The top cookie: Running better

Like many things in Oreo, background execution limits are not new, but a further refinement of work that has been ongoing in previous versions. In response to memory thrashing that can result when too many background processes contend for too little RAM, Oreo is now smarter about about how background apps can affect system resources and thus battery life, keeping background apps idle until they are really needed.

Background execution limits are complemented by background location limits, which check the frequency with which background apps can query the device's location to a few times per hour. And taking on what seems to be a perennial challenge for Android -- getting faster access to updates, Google's Project Treble introduces a modular architecture that should ease updates.

The creamy filling: Looking better

Smartphones have been taking more cues from television, supporting higher resolutions and high dynamic range displays. Now, Oreo goes far beyond black and white with deep color, which enables apps to take advantage of more vibrant colors and smoother gradients as well as full color management. Google is also introducing adaptive icons that can morph to take on a round, square or rounded square appearance so that their appearance is consistent with a device's theme. And in another evolution, Oreo will highlight notifications with a larger font and the app name in ambient (screen off) displays.

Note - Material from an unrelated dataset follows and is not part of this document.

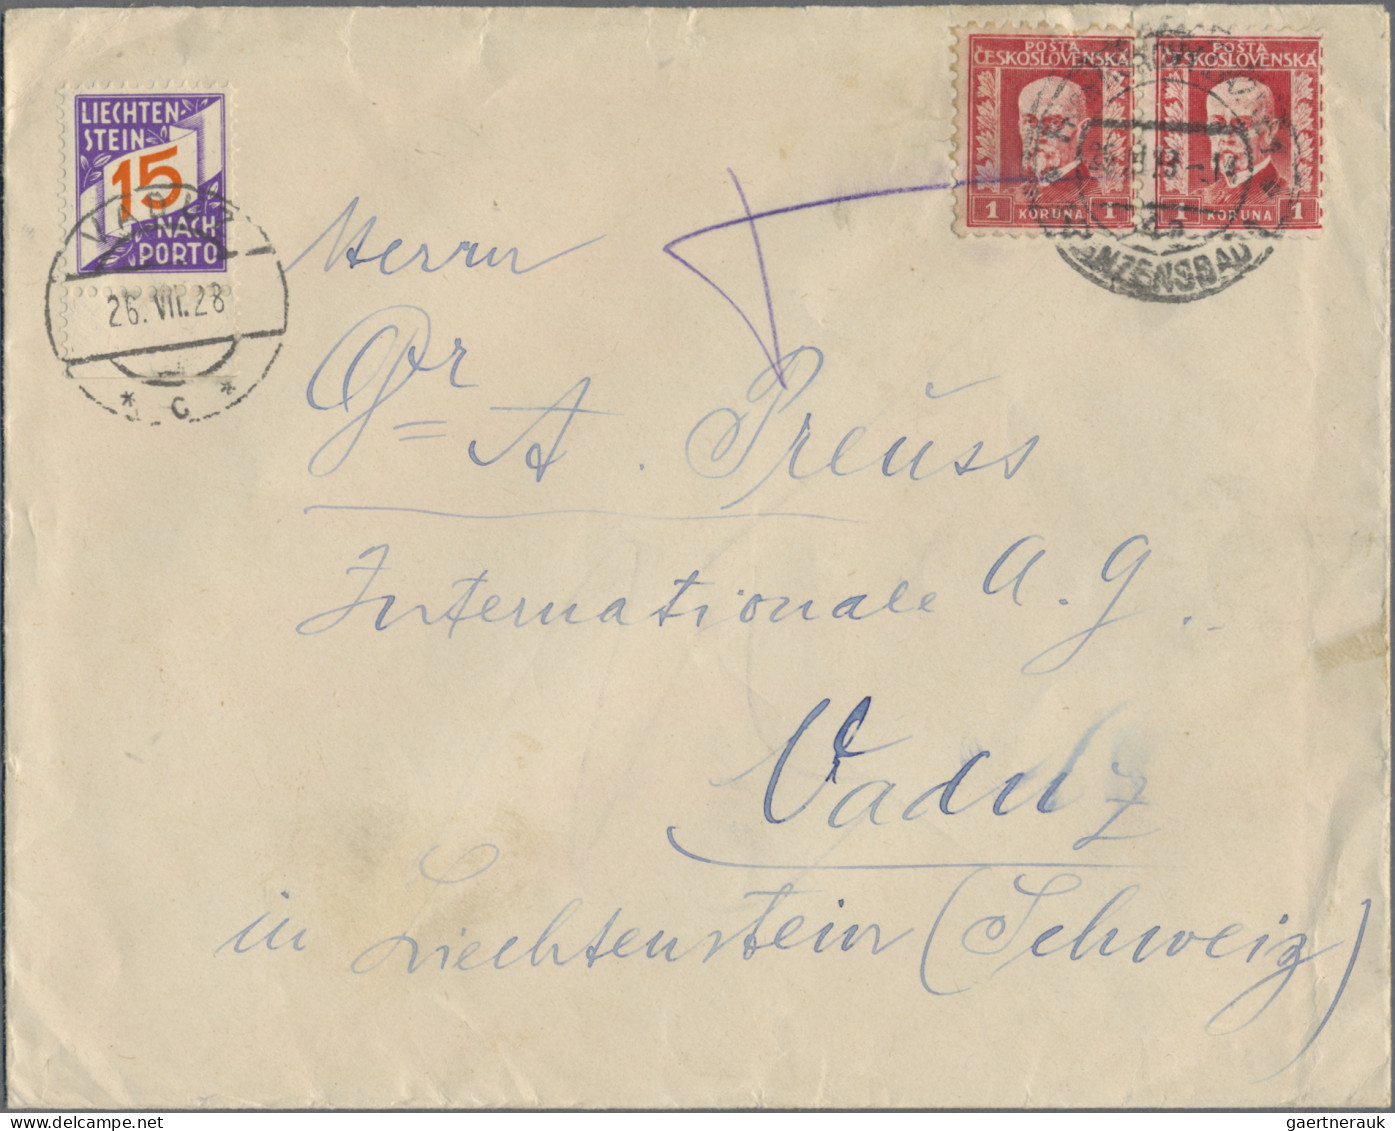 Liechtenstein: 1912/1960, Posten mit 80 Briefen und Karten mit teils interessant
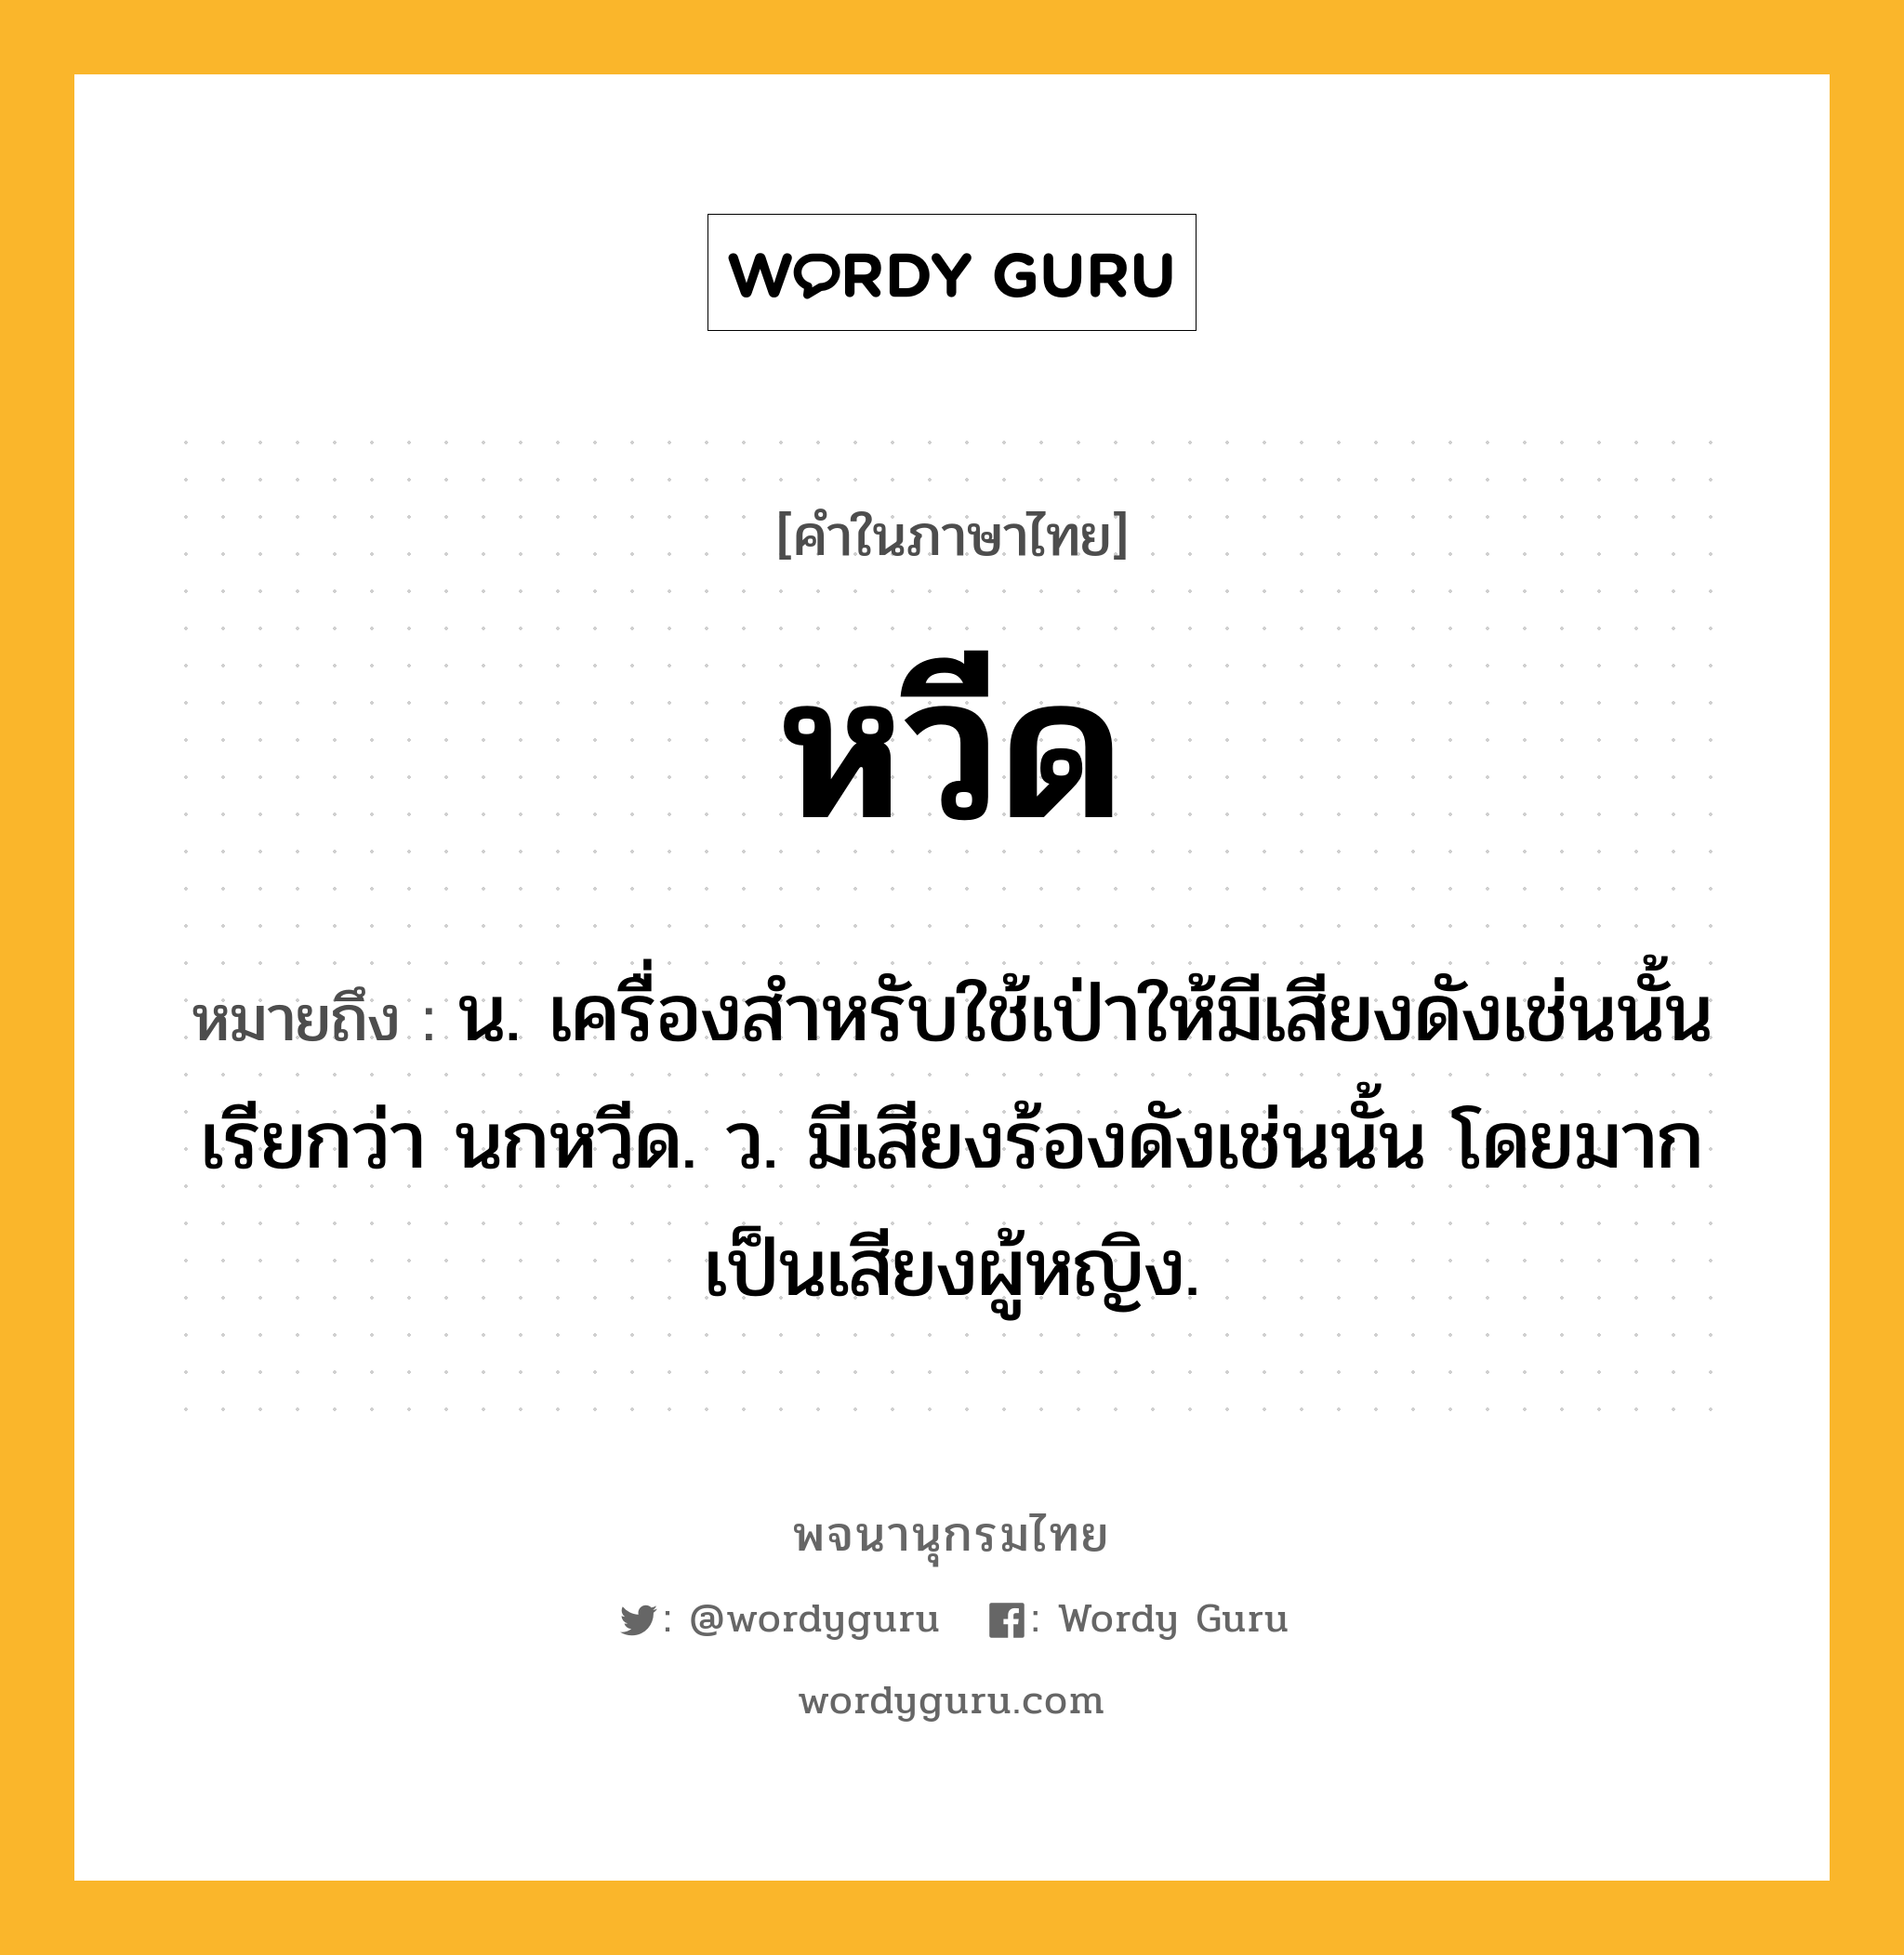 หวีด หมายถึงอะไร?, คำในภาษาไทย หวีด หมายถึง น. เครื่องสําหรับใช้เป่าให้มีเสียงดังเช่นนั้น เรียกว่า นกหวีด. ว. มีเสียงร้องดังเช่นนั้น โดยมากเป็นเสียงผู้หญิง.

The bottom cookie: Behaving better

Particularly when compared to its primary competitor iOS, Android has always been about creating a more PC-like experience. And two changes bring Oreo closer to that. The ability to install unknown apps on a case by case basis provides more granularity when using third-party app stores such as Amazon's. In addition, while Google has long supported indirect printing from Android apps via Cloud Print, support for Mopria printing standard should make printing from Android Oreo devices about as straightforward as printing from your PC.

Other Oreo improvements drive more to the smartphone experience, which has been overrun by notifications. The next version of Android will provide for notification categories that allow you to specify the kinds of updates you want from apps as well as the ability to snooze notifications.

Oreo may not create changes that are as dramatic as the ones superheroes make as they transform from their alter egos. But a combination of smaller features designed to improve the performance, aesthetics and behavior of the operating system should make Oreo worth biting into.